2

I often find myself wandering through large sets of text, extracting terms or otherwise cleaning things so I re-use a string as a filename or such like.

In a recent task, I grabbed a few hundred pdf files from a website, and wanted to use the article title as the filename to assist my colleagues in checking in the files.

I can get the title from the html, but often illegal win O/S chars are used in the title (e.g. :, ", > etc), which means I have to do some substitutions to ensure that I can use the title.

As a result of the above, I started using this line of code:-

fname = art_number+" "+content_title.replace(":", " -").replace("&#8211;", "-").replace(u'\xae', "-").replace("\"", "").replace("?","").replace("<i>", "").replace("</i>", "").replace("/", " ").replace("<sup>-< sup>", "-")

As you can see.
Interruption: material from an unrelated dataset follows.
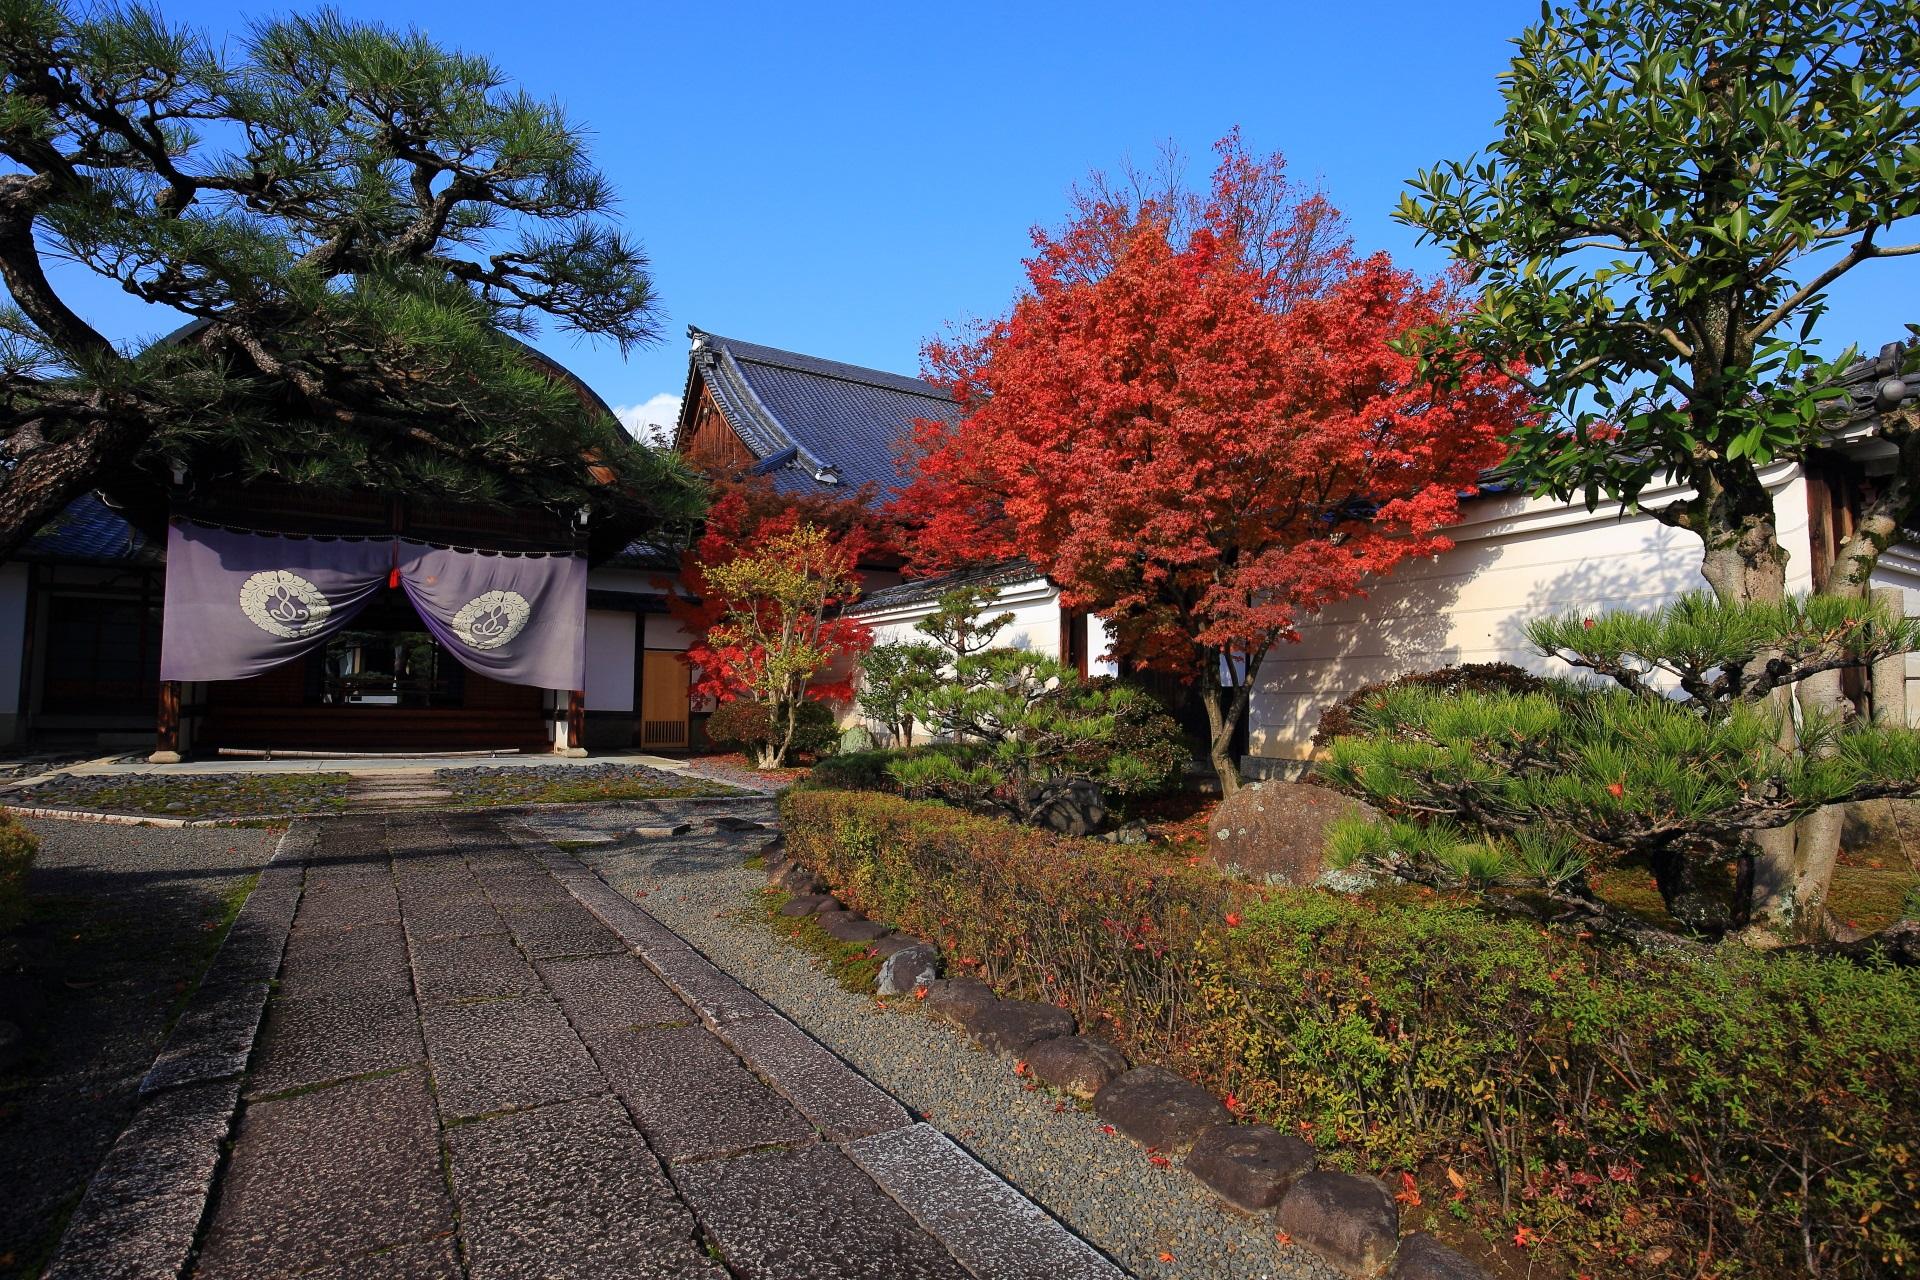 妙覚寺の玄関と庭園の白壁を彩る鮮烈な赤い紅葉

Heaps of str.replace, not very readable or manageable.

Each of the replacements are generally manually considered, I wouldn't want to throw them at a code book as there are usually some nuances per set of content that I want to find and check.

What would be your approach to this?

Jay Gattuso
  • 3,890
  • 12
  • 37
  • 51
  • 2
    At least consider building a lookup table instead of one big chain.... and possibly utilising `re.sub` – Jon Clements Dec 04 '13 at 18:17
  • @JonClements I have built lookups for larger projects - this one started with only two replacements then popped. Whats the advantage of `re.sub`? – Jay Gattuso Dec 04 '13 at 18:24

4 Answers4

2

For single-char replacements, I would use unicode.translate

For longer strings, I would build a dict of possible replacements indexed by leading two characters, then step through the string testing only the possible replacements at each position.

Hugh Bothwell
  • 55,315
  • 8
  • 84
  • 99
1
import re
keys = ":","&#8211;",...
def replacer(match):
    return {
       "&#8211;": "-",
       ":":"-",
        ...
    }[match.group(0)]

re.sub("|".join("(%s)"%k for k in sorted(keys,key=len,reverse=True)),replacer,my_text)

I think would work ....

Joran Beasley
  • 110,522
  • 12
  • 160
  • 179
  • 1
    The premise is fine -a few points though: use `re.escape` on the elements as some of them could affect the operation of the regex unescaped - you're missing the `key=` and `reverse=` for the `sorted` and the `replacer` function will receive a match object, not a string... – Jon Clements Dec 04 '13 at 18:43
1

This answer from a previous question asked would work well for you I think. Python replace multiple strings. It wasn't the excepted answer, but it works well and is in a nice small function.

Community
  • 1
  • 1
Chris Hagmann
  • 1,086
  • 8
  • 14
1

You could use reduce() and a sequence of the replacement pairs:

from functools import reduce

replacements = (":", " -"), ("a", "1"), ("b", "2"), ("c", "3")
content_title = "Testing: abc"
print reduce(lambda s, args: s.replace(*args), replacements, content_title)

Output:

Testing - 123
martineau
  • 119,623
  • 25
  • 170
  • 301